This isn’t a seasonal fluctuation or statistical footnote. It’s a strategic failure with long-term consequences.

Black women have long been a cornerstone of America’s economic engine—driving participation, powering key industries, and anchoring family incomes. Now, that foundation is fracturing. And the fallout is more than short-term—it’s a direct threat to corporate succession planning, innovation, and growth. The U.S. economy has always depended on Black women’s labor. In fact, no group of women in America has historically had higher labor force participation than Black women. Yet today, we’re watching them disappear from the workforce at an alarming rate—with little alarm and even less intervention.

The consequence? A corporate succession crisis in slow motion. Because when companies lose Black women today, they aren’t just losing high-performing contributors—they’re forfeiting the very leaders their future stability depends on.

The leadership cliff Is getting steeper

In 2025, Black women account for approximately 6.4% of the U.S. workforce. But they make up just 0.4% of Fortune 500 CEOs.

That’s not a representation gap. That’s a pipeline collapse.

And the exits we’re witnessing this year threaten to push that collapse into freefall. Between February and June 2025, Black women’s labor force participation dropped by 1.8 percentage points—a decline that translates to an estimated $37.2 billion in lost GDP. In February alone, Black women lost 266,000—the sharpest decline of any demographic that month.

If we’re serious about building inclusive leadership, that number should set off alarms in every boardroom in America.

Because companies cannot diversify the C-suite with talent that’s no longer in the building.

This isn’t a theoretical concern. Today’s middle managers are tomorrow’s senior vice presidents. Today’s directors become future CEOs. And the current rate of attrition is effectively erasing Black women from that trajectory before they even reach the inflection point.

What’s driving the exodus—and why it’s compounding

The reasons Black women are leaving the workforce aren’t mysterious.
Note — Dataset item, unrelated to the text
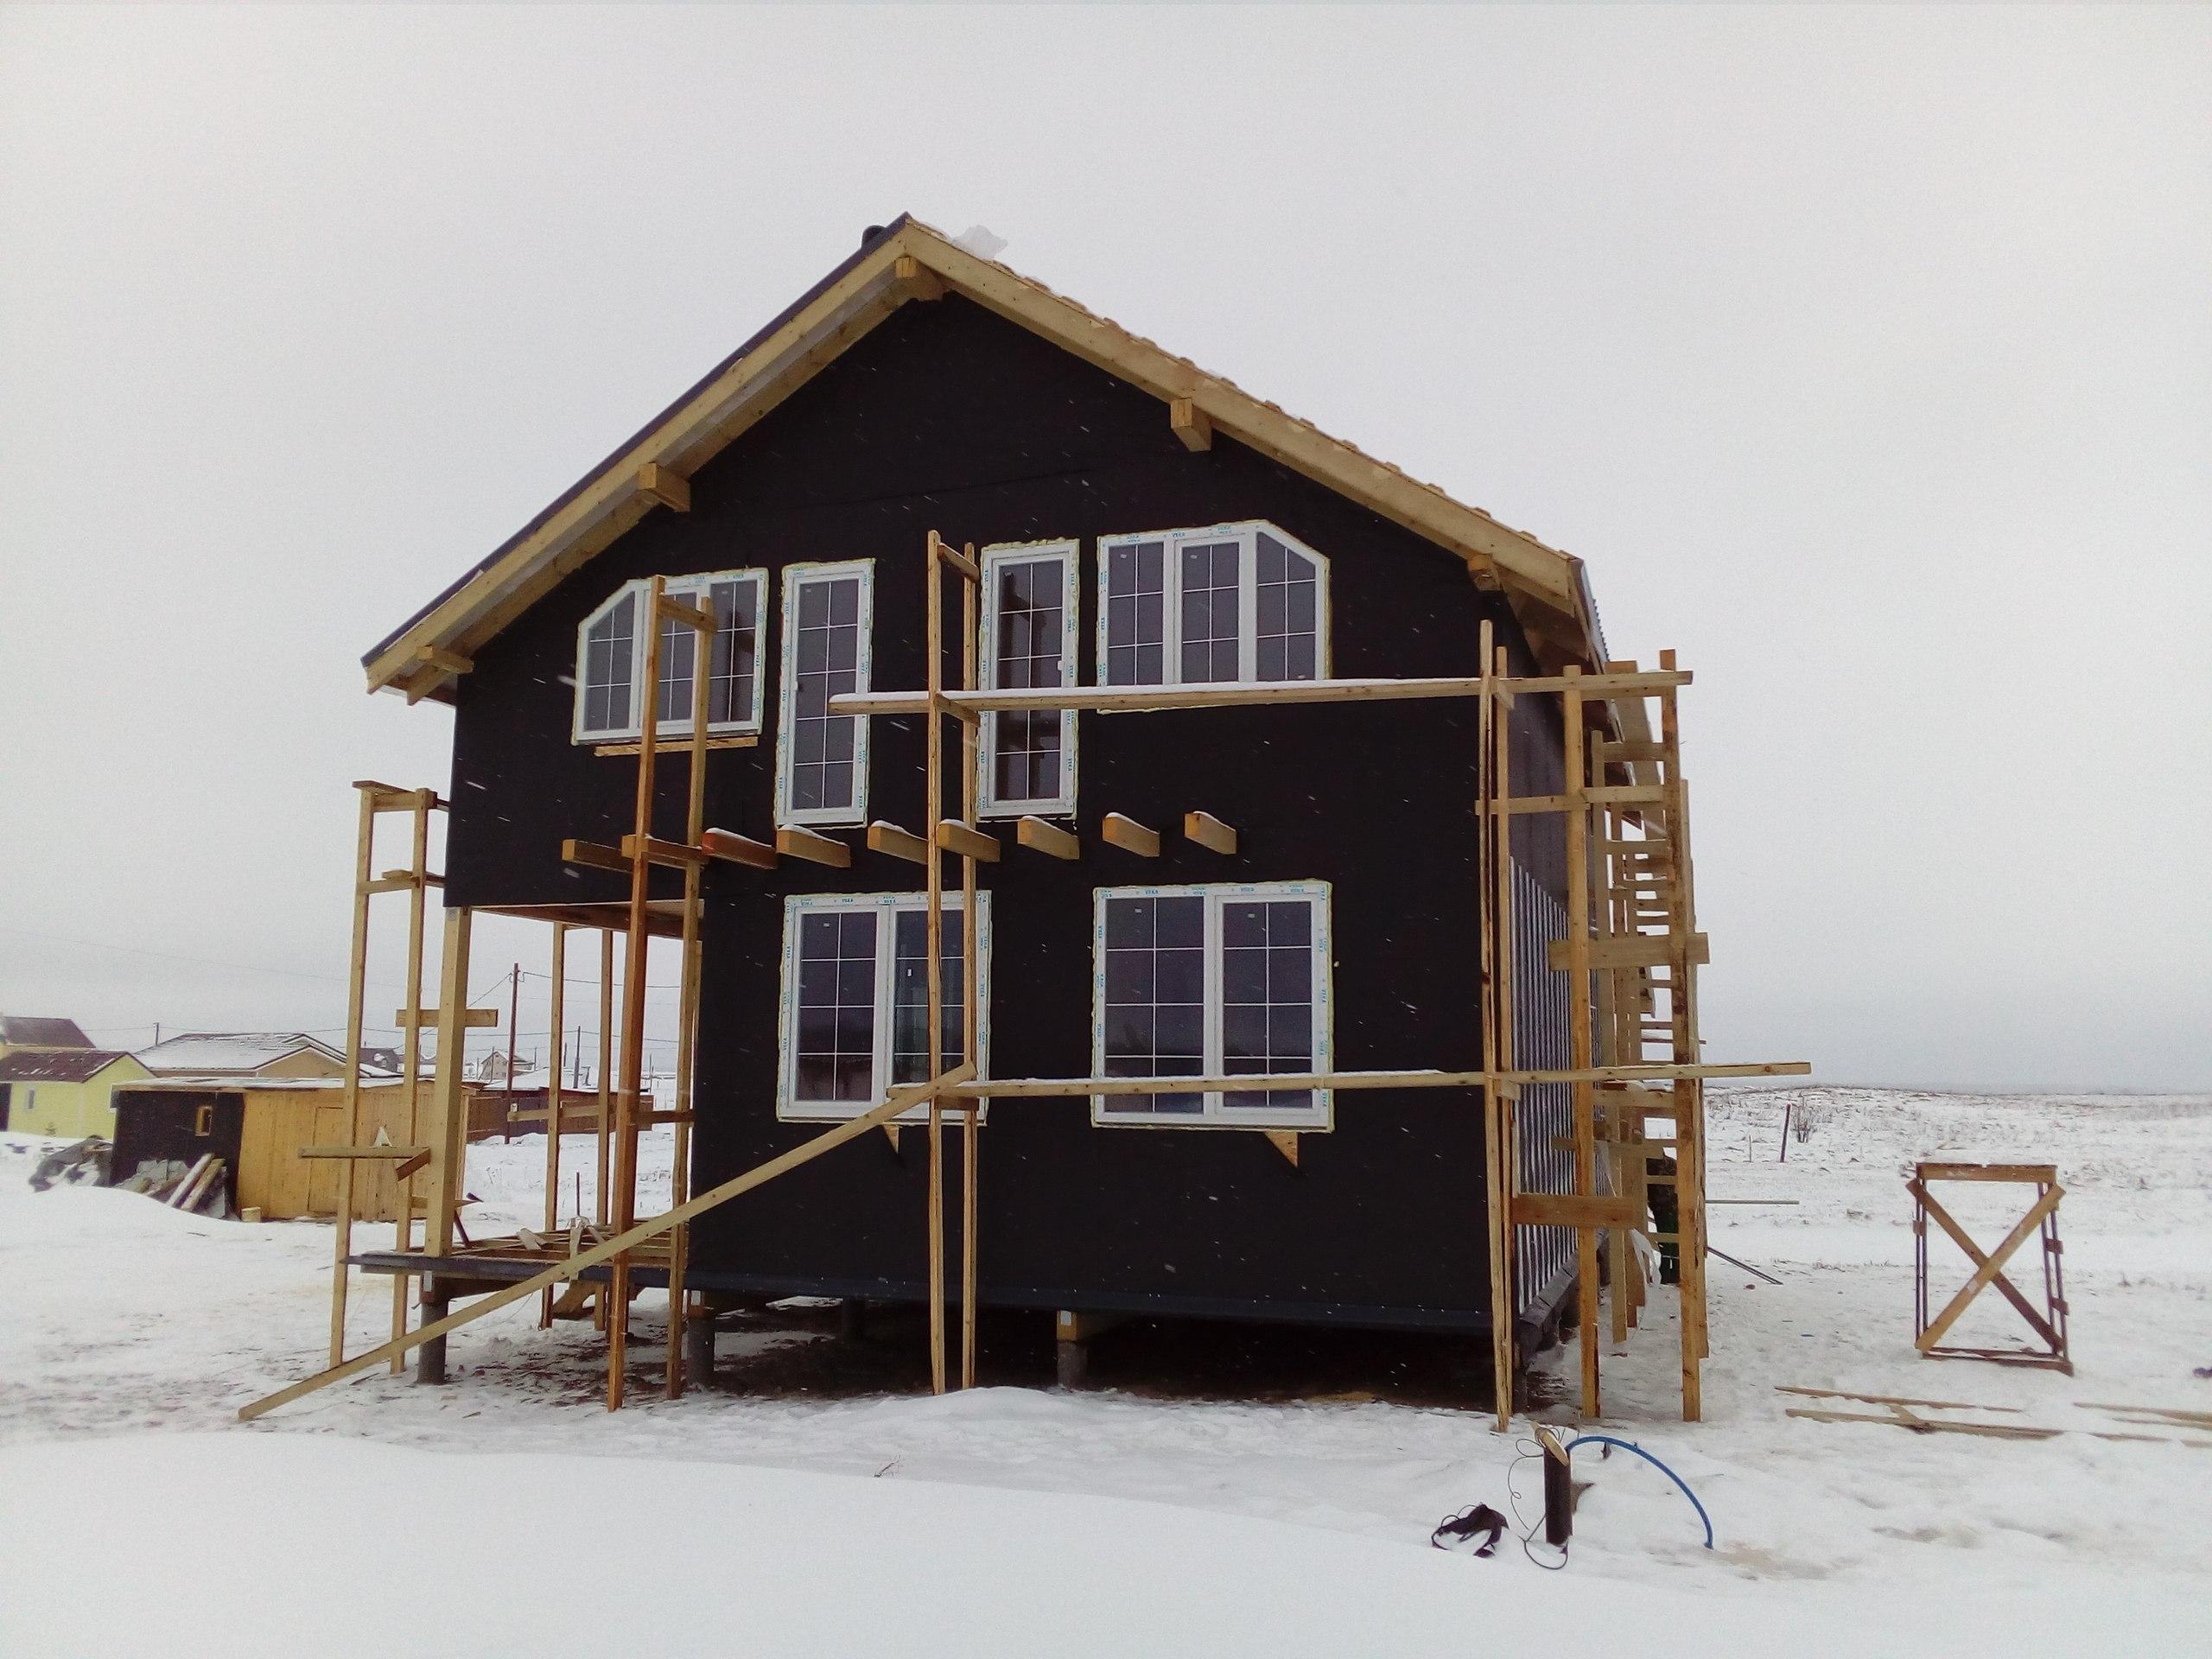 фото дома из сип панелей №5 сокули

They’re measurable, structural, and cumulative.

1. Disinvestment in DEI is acting like a demand signal. After years of progress (however incremental), 2025 is the year many companies quietly reversed course. DEI programs were deprioritized or dismantled. Corporate partnerships with Black-led organizations were paused or cut entirely. In the public sector, Black women in federal employment declined by nearly 33%, compared to just a 3.7% drop in the broader federal government workforce. When inclusion becomes optional, Black women read between the lines: you’re not wanted here.

2. Black women are bearing the brunt of layoffs—again. In sectors like education, government, and healthcare, Black women are overrepresented in roles most vulnerable to cuts and underrepresented in roles most likely to be protected. April’s jobs report showed this clearly. These aren’t just job losses—they’re career disruptions. And in a system that rewards uninterrupted tenure, they stall upward mobility.

3. The psychological toll of bias and burnout is accelerating exit velocity. Black women face some of the highest rates of bias, isolation, and microaggressions in the workplace. Many have described being “worn out from discrimination in corporate America,” a key reason why Black women are increasingly choosing entrepreneurship—not as a passion project, but as a survival strategy.

4. Structural inflexibility is forcing unnecessary trade-offs.

More than 51% of Black households with children under 18 are led by breadwinner moms, yet these women earn just 44 cents for every dollar paid to white breadwinner dads. Black women are overrepresented in rigid, low-wage occupations—like home health aide and administrative support—that lack paid leave, schedule flexibility, and caregiving support. As a result, they face impossible trade-offs: they’re more likely than white women to be penalized professionally for caregiving despite being equally ambitious in their careers.

5. Political backlash has made equity itself a liability.

The politicization of DEI has created a chilling effect across sectors. In 2025, companies that once made public commitments to racial justice are staying quiet—or backpedaling. At Walmart, shareholders warned that abandoning equity programs could “erode long-term value.” The cost of retreat isn’t just reputational. It’s financial.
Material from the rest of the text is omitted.